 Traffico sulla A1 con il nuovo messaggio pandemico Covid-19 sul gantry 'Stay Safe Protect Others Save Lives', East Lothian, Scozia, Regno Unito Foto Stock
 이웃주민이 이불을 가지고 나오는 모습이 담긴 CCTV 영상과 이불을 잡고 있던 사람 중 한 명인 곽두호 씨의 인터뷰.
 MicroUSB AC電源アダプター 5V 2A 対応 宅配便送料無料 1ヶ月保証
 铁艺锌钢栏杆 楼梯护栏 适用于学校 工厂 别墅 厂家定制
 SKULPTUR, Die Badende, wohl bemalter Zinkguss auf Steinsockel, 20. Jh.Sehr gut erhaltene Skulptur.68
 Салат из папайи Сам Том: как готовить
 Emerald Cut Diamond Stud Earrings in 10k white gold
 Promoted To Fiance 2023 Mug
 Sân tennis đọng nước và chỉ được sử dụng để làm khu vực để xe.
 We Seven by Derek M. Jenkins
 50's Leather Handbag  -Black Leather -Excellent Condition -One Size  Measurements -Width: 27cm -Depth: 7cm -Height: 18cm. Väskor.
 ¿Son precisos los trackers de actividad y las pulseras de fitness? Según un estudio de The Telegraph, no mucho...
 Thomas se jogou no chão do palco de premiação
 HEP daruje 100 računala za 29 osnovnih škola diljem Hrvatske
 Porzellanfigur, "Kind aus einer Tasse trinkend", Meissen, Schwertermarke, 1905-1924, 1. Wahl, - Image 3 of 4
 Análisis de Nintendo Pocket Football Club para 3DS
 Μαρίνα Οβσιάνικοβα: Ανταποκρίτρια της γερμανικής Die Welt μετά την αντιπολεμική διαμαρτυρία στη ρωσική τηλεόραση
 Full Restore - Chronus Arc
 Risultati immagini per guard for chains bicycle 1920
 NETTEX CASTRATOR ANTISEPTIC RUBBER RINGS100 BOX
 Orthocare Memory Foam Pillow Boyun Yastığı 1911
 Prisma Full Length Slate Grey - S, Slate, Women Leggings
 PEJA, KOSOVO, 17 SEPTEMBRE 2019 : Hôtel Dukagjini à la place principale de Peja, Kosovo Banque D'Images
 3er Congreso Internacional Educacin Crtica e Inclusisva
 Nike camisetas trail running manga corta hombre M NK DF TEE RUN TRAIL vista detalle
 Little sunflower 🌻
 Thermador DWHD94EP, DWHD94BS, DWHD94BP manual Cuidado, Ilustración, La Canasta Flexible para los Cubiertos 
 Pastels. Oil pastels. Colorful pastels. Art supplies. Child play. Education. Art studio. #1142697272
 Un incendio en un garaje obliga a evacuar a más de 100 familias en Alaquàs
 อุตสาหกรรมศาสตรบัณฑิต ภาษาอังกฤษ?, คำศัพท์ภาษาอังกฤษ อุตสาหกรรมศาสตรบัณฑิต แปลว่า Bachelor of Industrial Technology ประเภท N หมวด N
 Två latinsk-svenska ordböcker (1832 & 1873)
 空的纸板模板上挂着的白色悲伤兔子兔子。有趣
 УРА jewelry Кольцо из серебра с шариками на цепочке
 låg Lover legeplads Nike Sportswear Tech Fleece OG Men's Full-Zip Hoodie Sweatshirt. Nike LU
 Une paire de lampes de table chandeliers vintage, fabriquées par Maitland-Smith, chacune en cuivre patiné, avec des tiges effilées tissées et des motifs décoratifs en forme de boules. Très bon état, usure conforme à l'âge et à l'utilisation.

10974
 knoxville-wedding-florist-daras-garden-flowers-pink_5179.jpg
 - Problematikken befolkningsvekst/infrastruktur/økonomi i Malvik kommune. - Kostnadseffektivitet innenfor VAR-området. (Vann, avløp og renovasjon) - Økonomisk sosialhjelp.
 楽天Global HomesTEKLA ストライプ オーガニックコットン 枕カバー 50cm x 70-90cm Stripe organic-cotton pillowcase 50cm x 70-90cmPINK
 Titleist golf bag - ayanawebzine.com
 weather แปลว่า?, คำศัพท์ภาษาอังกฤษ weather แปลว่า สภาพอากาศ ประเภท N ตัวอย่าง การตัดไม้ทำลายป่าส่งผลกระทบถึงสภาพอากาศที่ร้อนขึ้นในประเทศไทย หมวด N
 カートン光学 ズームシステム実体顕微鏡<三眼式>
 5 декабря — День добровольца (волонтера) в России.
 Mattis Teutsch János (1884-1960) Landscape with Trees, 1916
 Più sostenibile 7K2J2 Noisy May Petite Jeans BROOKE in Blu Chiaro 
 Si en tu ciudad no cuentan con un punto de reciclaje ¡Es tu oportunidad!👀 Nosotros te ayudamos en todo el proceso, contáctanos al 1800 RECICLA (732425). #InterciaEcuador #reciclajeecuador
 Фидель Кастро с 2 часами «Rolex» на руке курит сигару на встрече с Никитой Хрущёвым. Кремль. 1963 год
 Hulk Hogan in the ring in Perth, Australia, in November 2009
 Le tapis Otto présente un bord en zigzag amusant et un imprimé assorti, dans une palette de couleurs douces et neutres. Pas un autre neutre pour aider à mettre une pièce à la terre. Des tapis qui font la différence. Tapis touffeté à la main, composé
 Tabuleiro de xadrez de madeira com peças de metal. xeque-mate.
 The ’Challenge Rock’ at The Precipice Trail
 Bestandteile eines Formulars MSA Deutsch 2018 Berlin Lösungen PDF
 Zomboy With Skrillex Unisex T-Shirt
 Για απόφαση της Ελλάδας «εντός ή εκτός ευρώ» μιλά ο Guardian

^^^^^^^^

▶ _WORK INSTRUCTION_: Copy each line above that contains the word "Nike".

▶ _YOUR RESPONSE_:
 Nike camisetas trail running manga corta hombre M NK DF TEE RUN TRAIL vista detalle
 låg Lover legeplads Nike Sportswear Tech Fleece OG Men's Full-Zip Hoodie Sweatshirt. Nike LU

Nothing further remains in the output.